I spent a great deal of time on the website Reddit. If you haven’t been there, trust me: the comments don’t get more refreshingly raw and unfiltered than in a Reddit thread.
It was on Reddit where I found a raging debate that for my money is perhaps the most blunt and honest discussion of authenticity to be found anywhere.
It’s led not by “marcom” pros, journalists, or C-suite execs, but by ordinary video game enthusiasts – “gamers.” The debate is over a newly released video game called “The Finals” which exclusively uses AI voiceovers and NOT real voice actors.
To say that move has generated considerable backlash would be an understatement.
To be fair, the debate seems evenly split between those who hate the AI voices and those who either don’t mind them or didn’t even notice they were artificial. As a bonus, the thread features a spirited and sophisticated discussion over the ethics and business implications of using AI that rivals even the smartest dialogues within the professional voiceover community.
But the most fun reading is the visceral, no-holds-barred reactions of gamers to the game developer’s decision to bypass the authentic sound of real human beings and instead to go with subpar AI voiceovers.
Here are several actual comments, from mildest to most profane:
“Some of the voice lines have an awkward cadence…”

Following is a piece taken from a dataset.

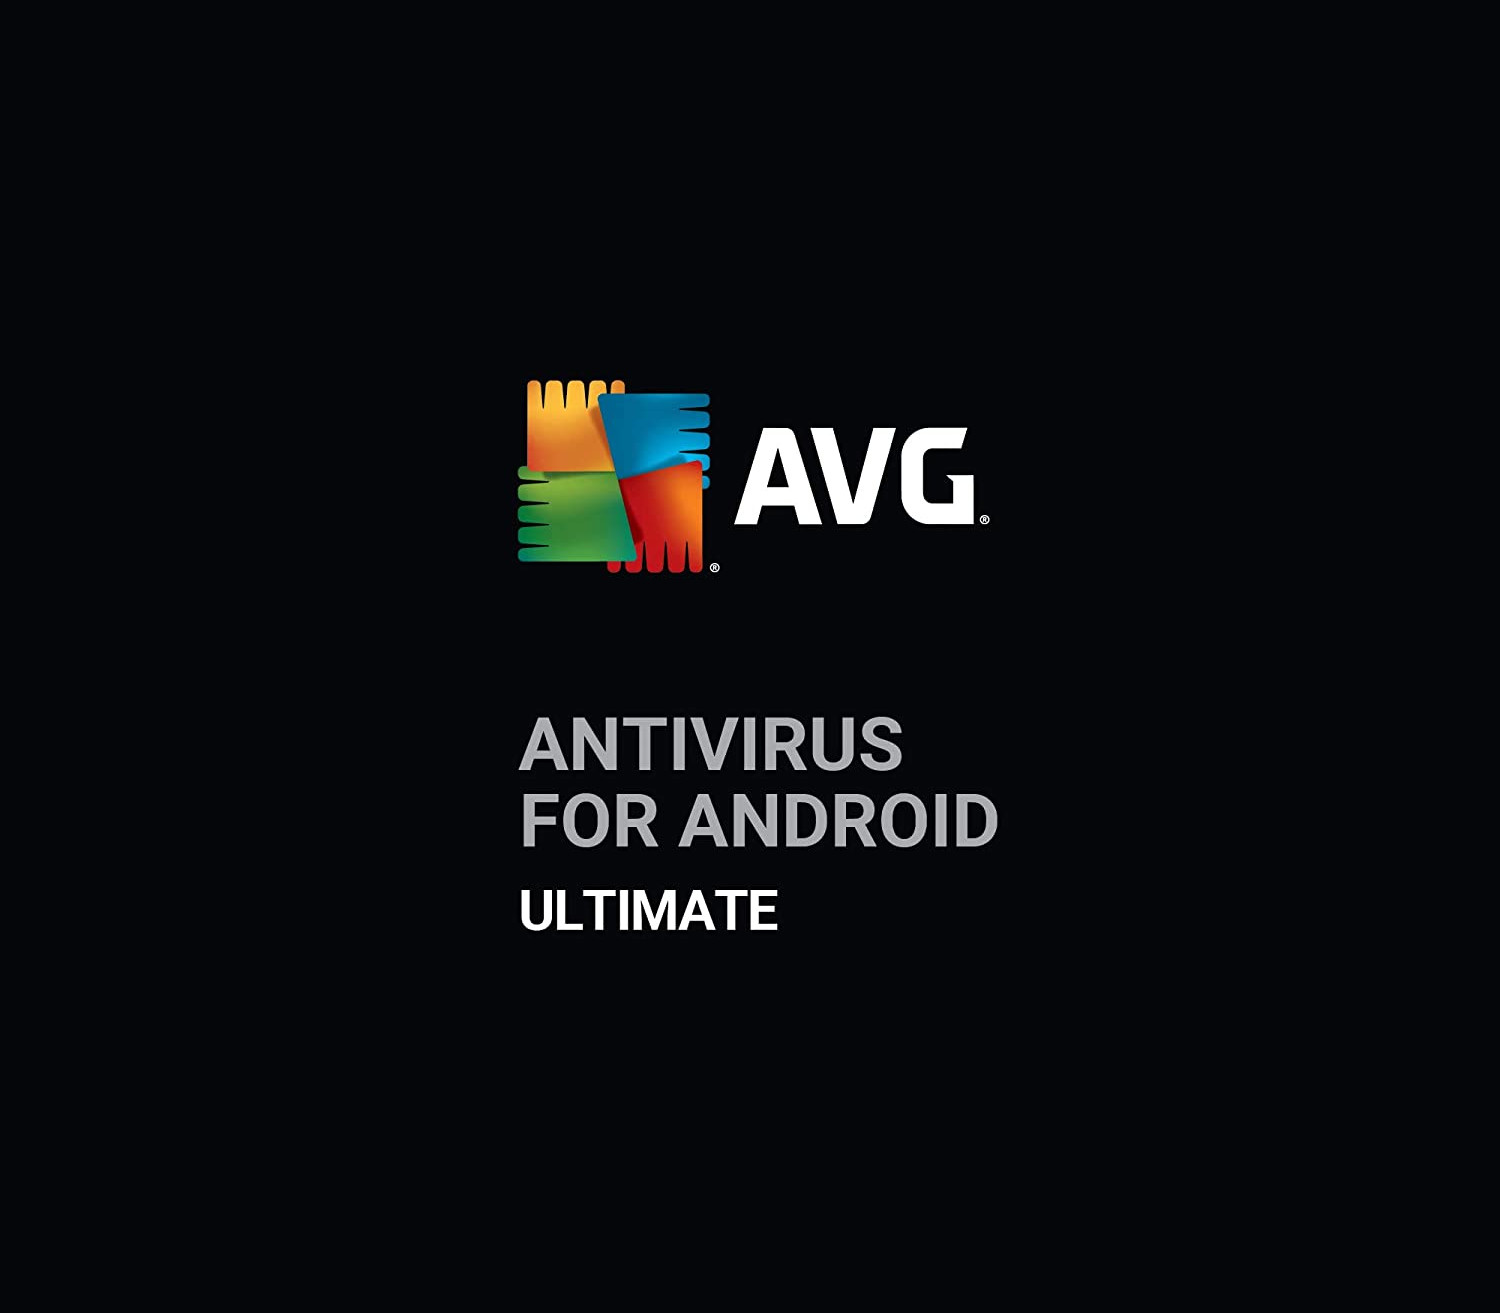 [$ 6.84] AVG Antivirus for Android - Ultimate Key (1 Year / 1 Device)

“I noticed it within the first minutes of playing lol, their voice inflection is so wrong it’s painfully obvious.”
“The overall quality is pretty bad. I could tell from the get-go something was off and just ended up muting it after couple hours. A decent VA…would considerably improve the experience.”
“This is so lame, I look at BG3 and that is precisely the hand-crafted approach I want in my games, the voice actors are one of the biggest highlights of the games.”

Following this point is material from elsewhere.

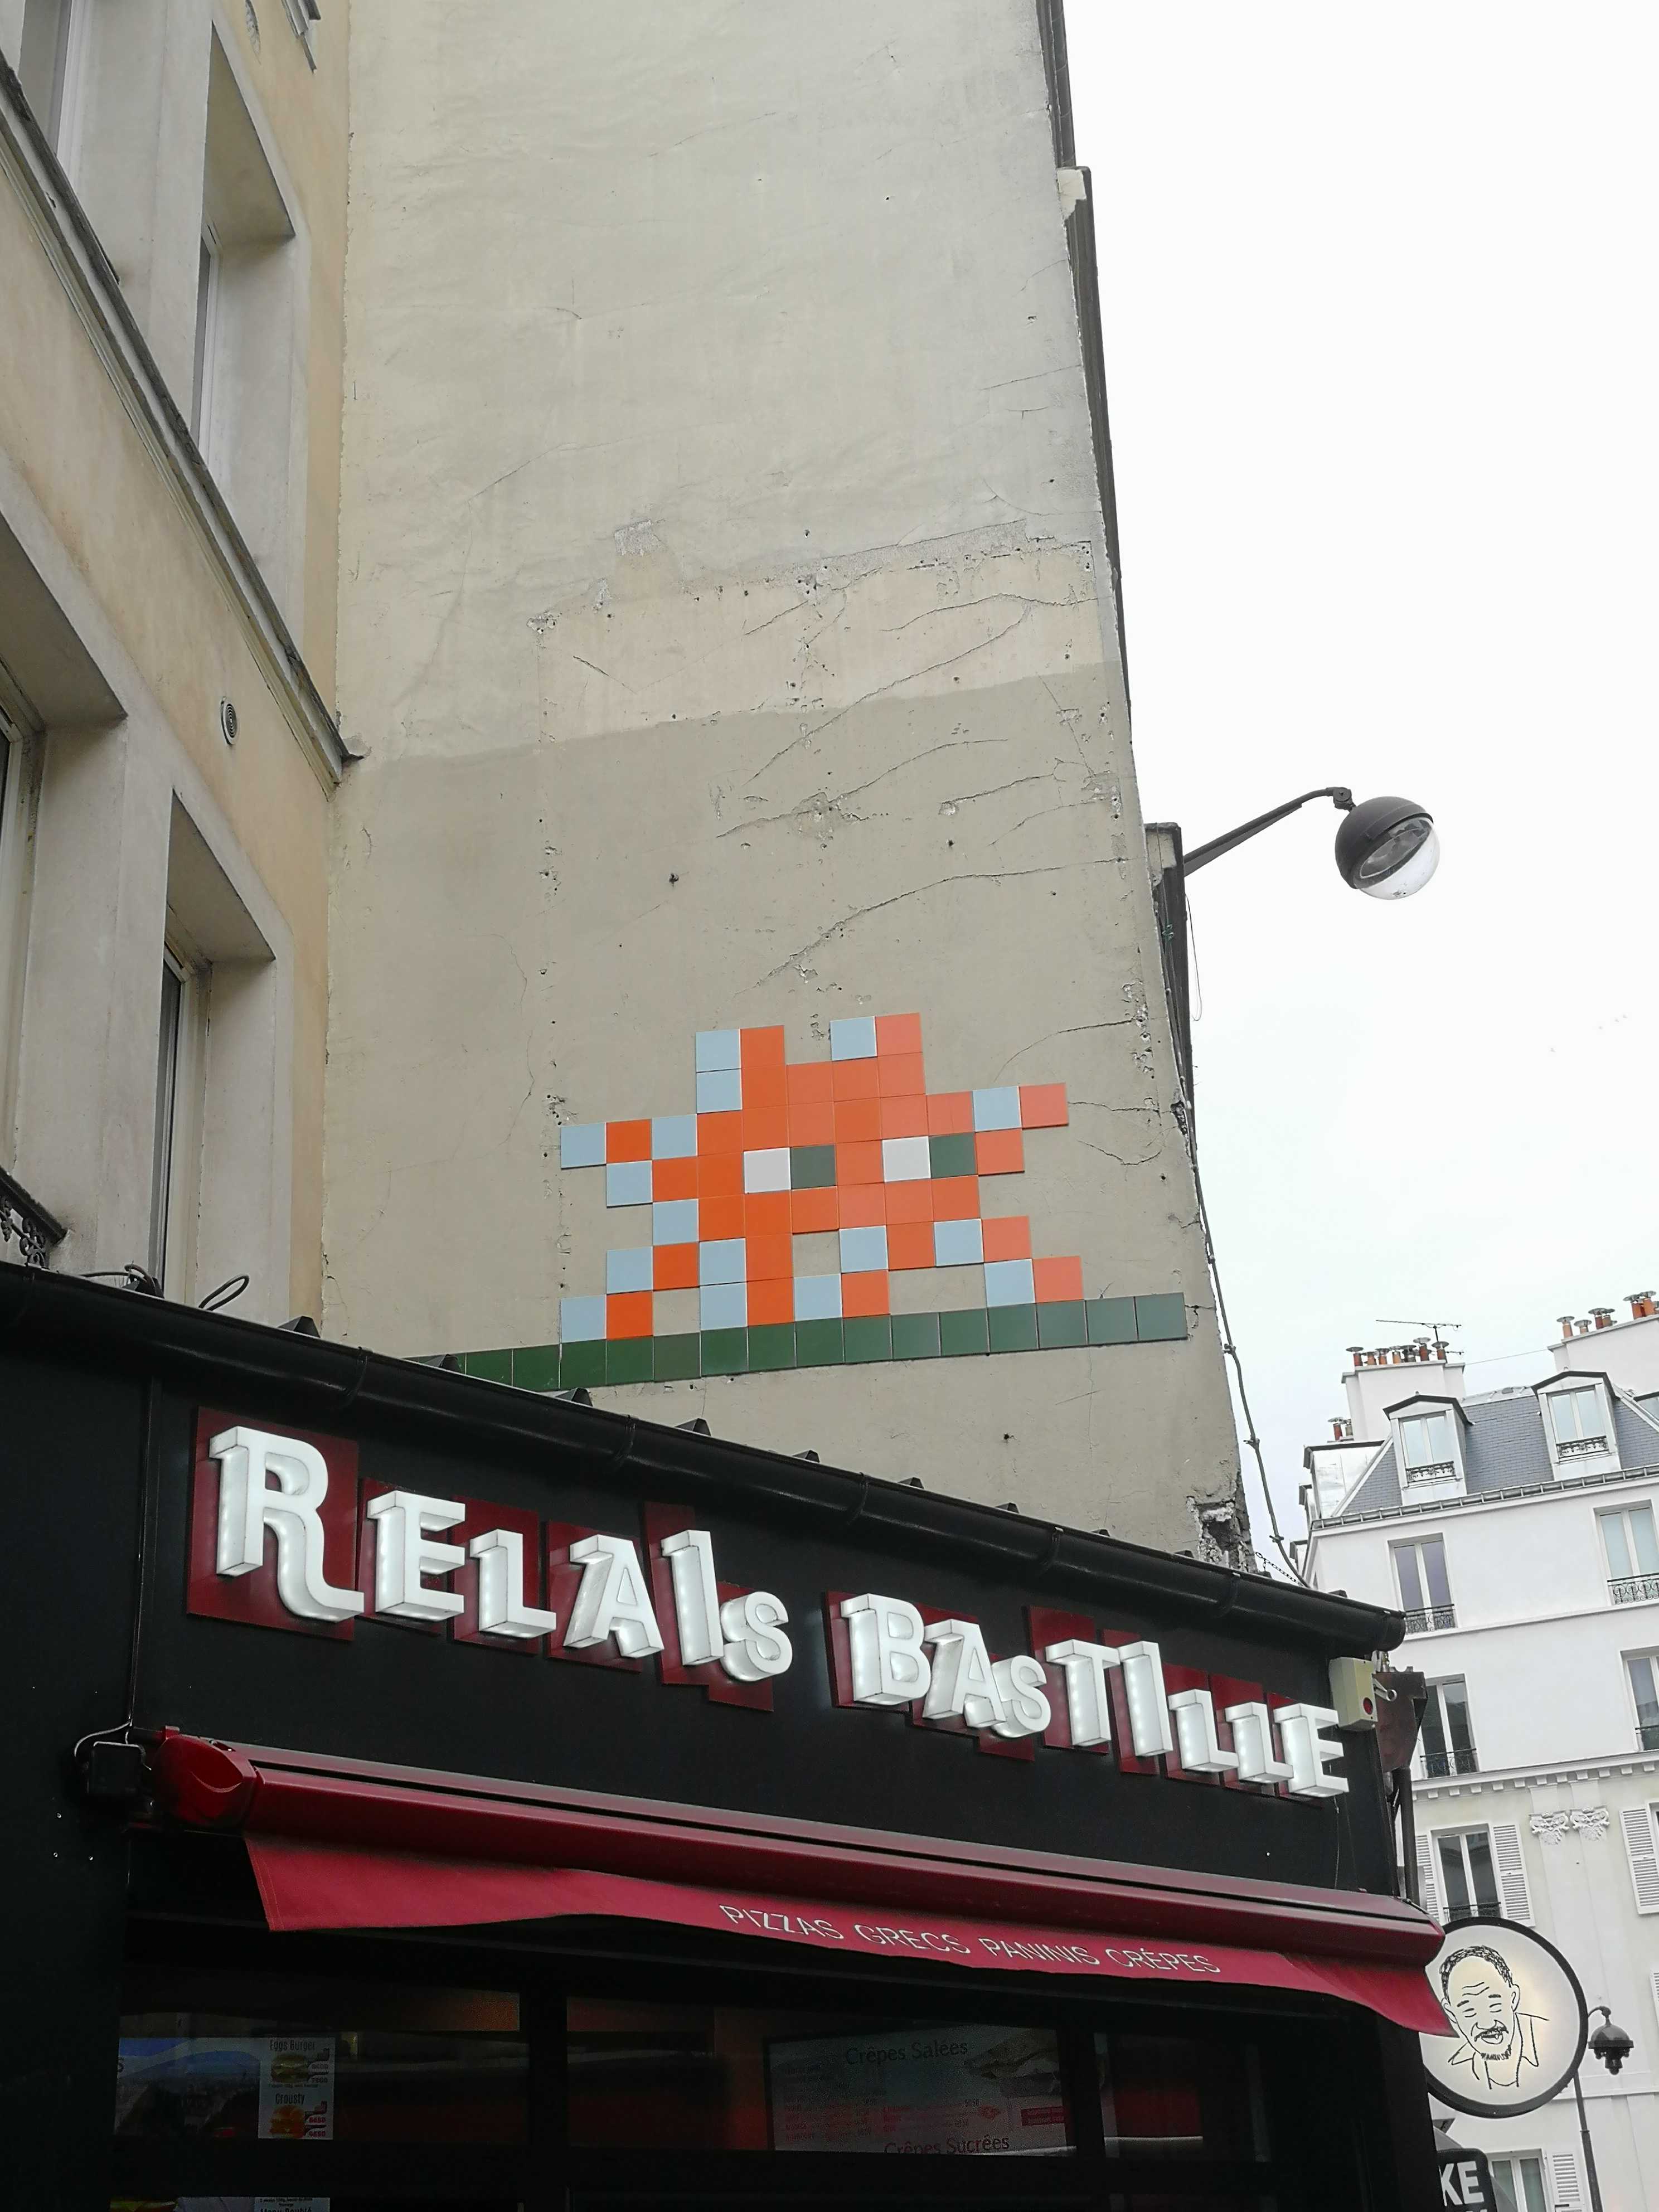 Mosaic 3891  by the artist Invader captured by Rabot in Paris France

“I still just find it hard to swallow that an aesthetic or gameplay choice warranted the need of commentators but not real human voice commentary. Just seems like they’re cutting corners.”
“AI literally cannot do the kind of energy a real sports announcer would… I haven’t seen anyone pull that off with AI tech; the delivery is always going to seem flat even if they fix everything else.”

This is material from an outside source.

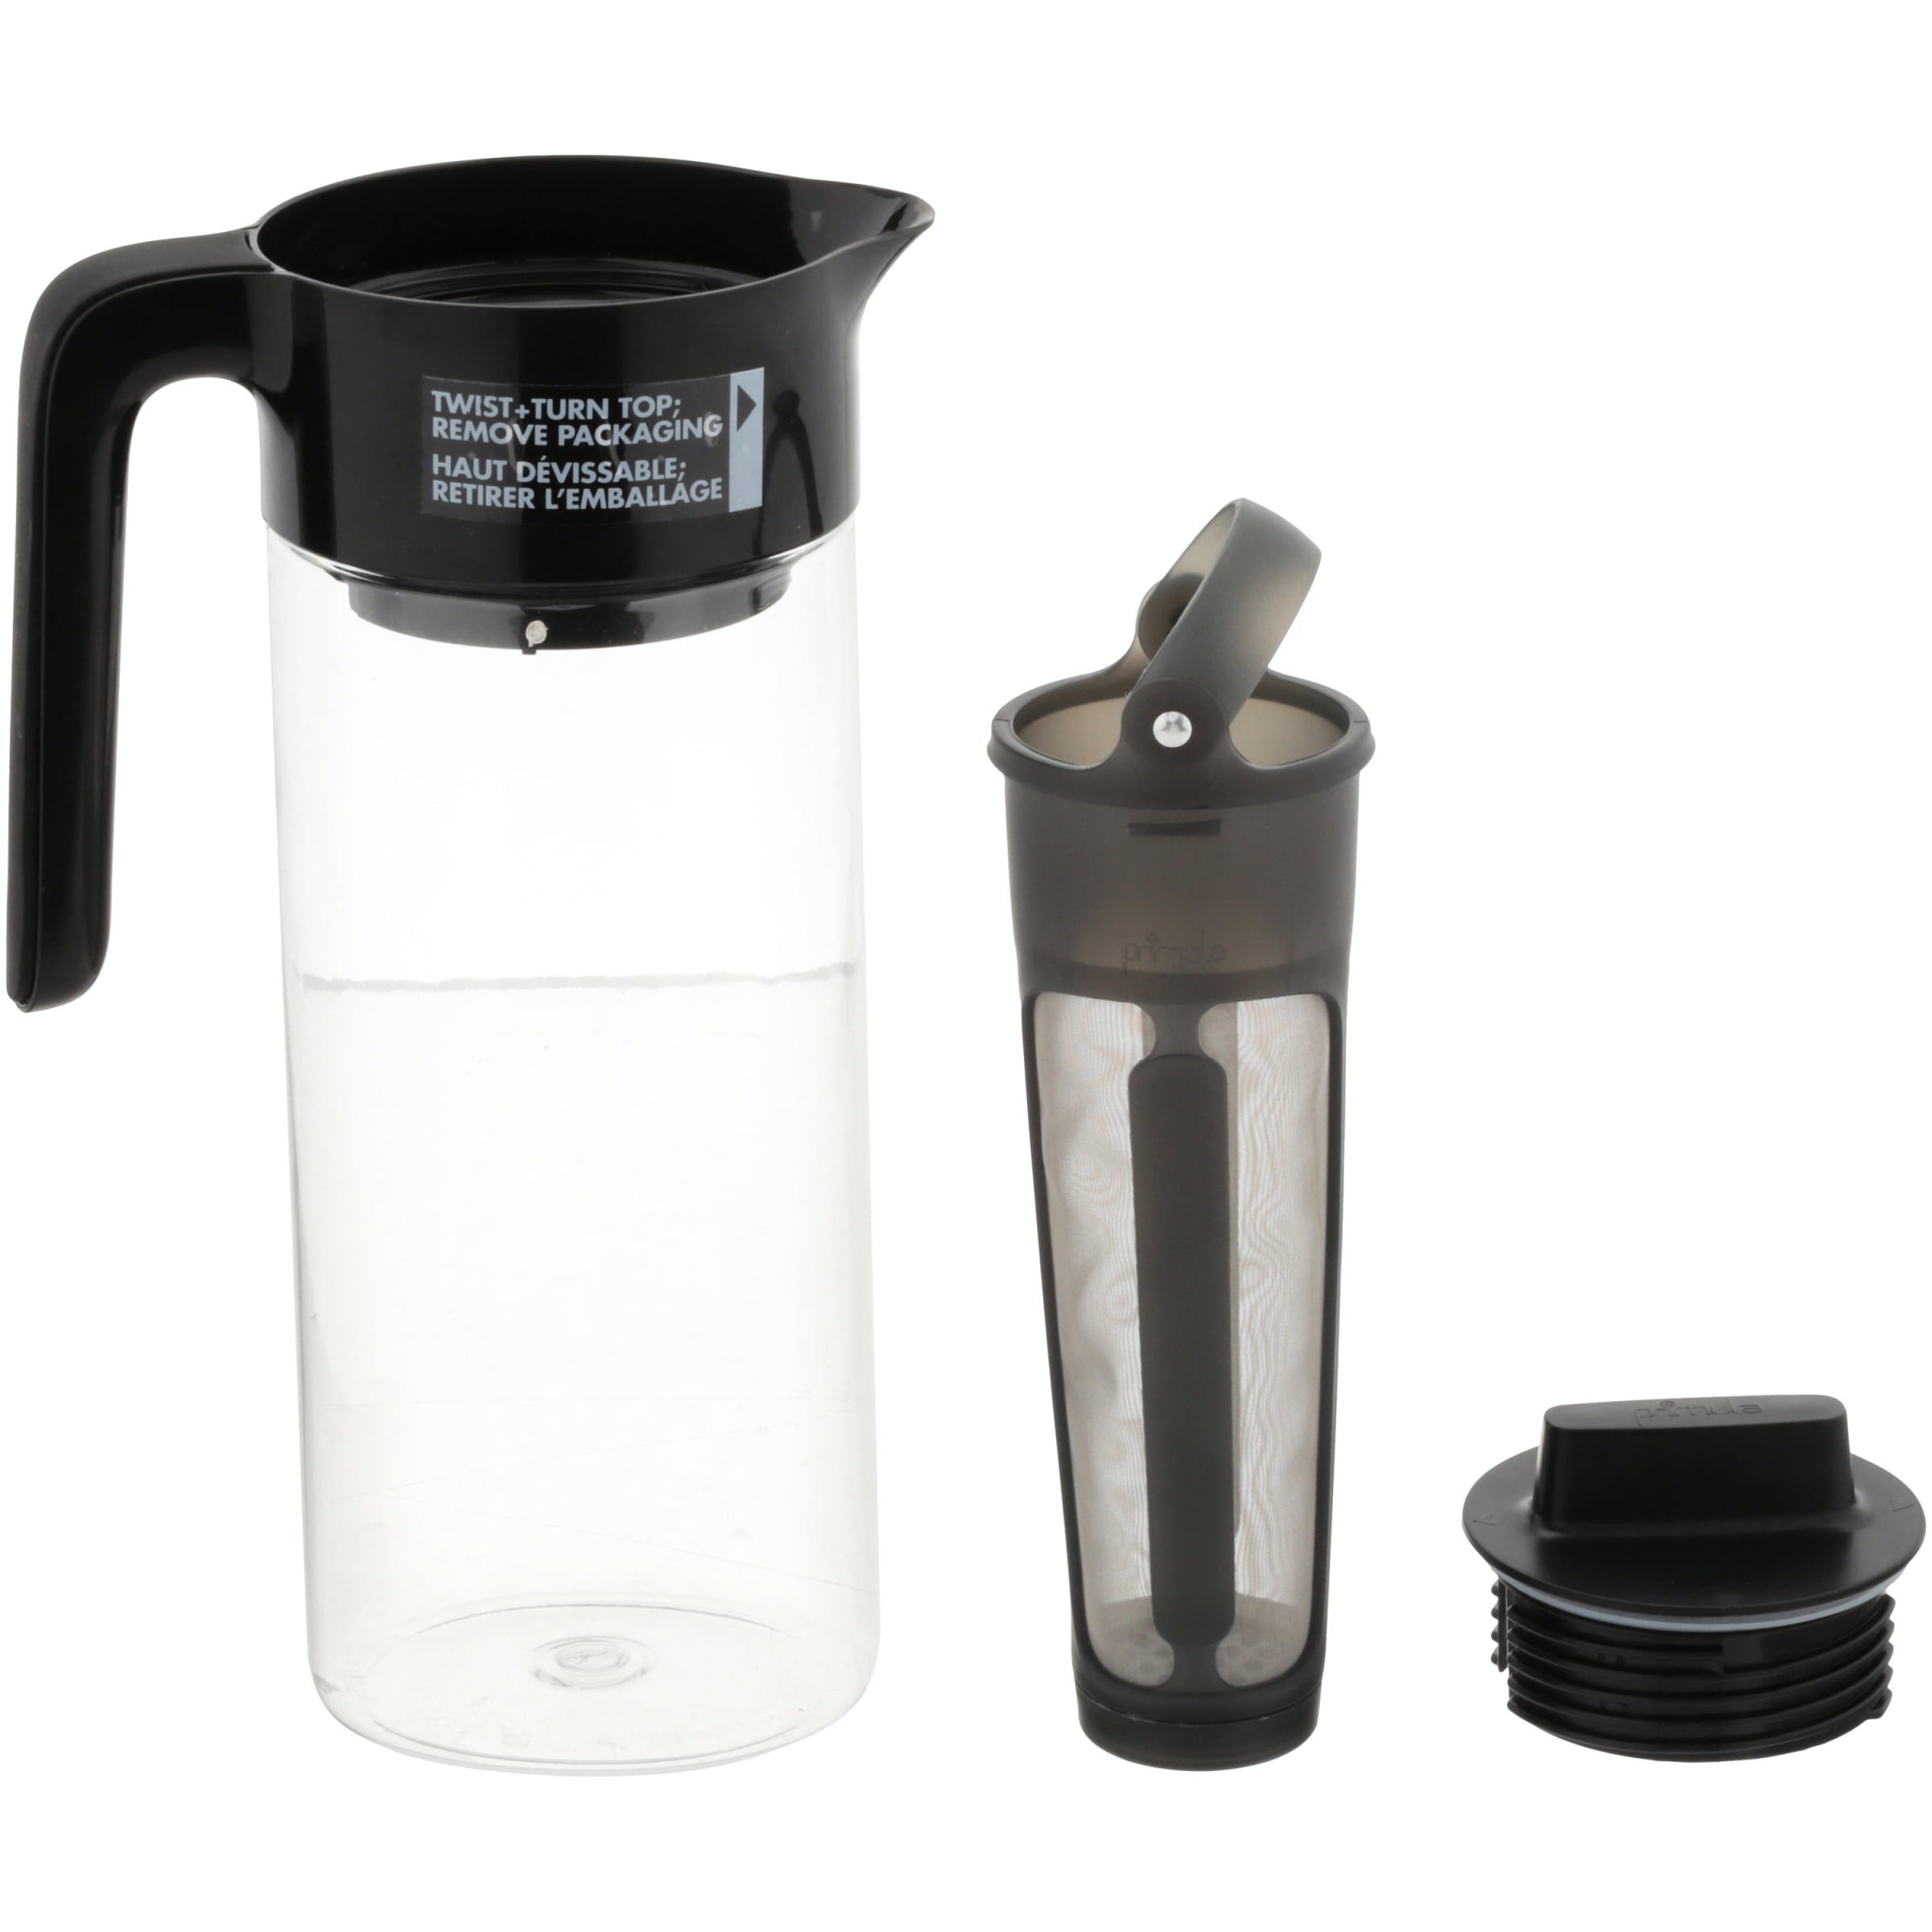 Cold Brew Coffee Maker by Primula - Grounds & Hounds Coffee Co.

“If you’re not willing to spend money on quality assets, why should the audience be willing to spend time on your game?”
“Is it really hard to understand that some people prefer to consume art and entertainment that’s created by actual humans who leave their mark on the work? We want creative people to be leaving a piece of themselves in their performances and art…”
“Bad voice acting by real people is one thing, but knowing the only effort they put into their voices was typing some words…only to STILL get stilted, lackluster delivery just sucks on a different level.”
“Two professional VAs could have hammered this shit out in a week, and the game would be better for it.”
“I dunno, I heard something was off pretty much immediately. The intonation is totally f***ed in almost every single voice line.”
“Nah, the AI voices are annoying as f**k, just don’t use them at all if they’re gonna sound like that.”
“The reason I want real actors is so that there’s personality behind the f***ing voice. Something that isn’t just a monotone voice but somebody who saw a script and put some f***ing soul behind it.”
Did you catch all that? Cadence. Inflection. Intonation. Energy. Soul.
AUTHENTICITY.
And this is just from the gaming community. I suspect there’s a lesson here for any business where the perception of authenticity or personalized service is a critical part of your value proposition, especially when it might be tempting (read: cheaper, more efficient, easier) to substitute AI for the human element. Just because you can doesn’t always mean you should.
Would you welcome feedback that your work product cuts corners? That it’s awkward? Lackluster? “Annoying as f**k?” That you’ve alienated your customers or clients?
If 2024 is in fact “the year of authenticity” and our new mission is the pursuit of all things authentic, then I’d like to make a humble suggestion.
As they might say on Reddit: use a real f***ing human.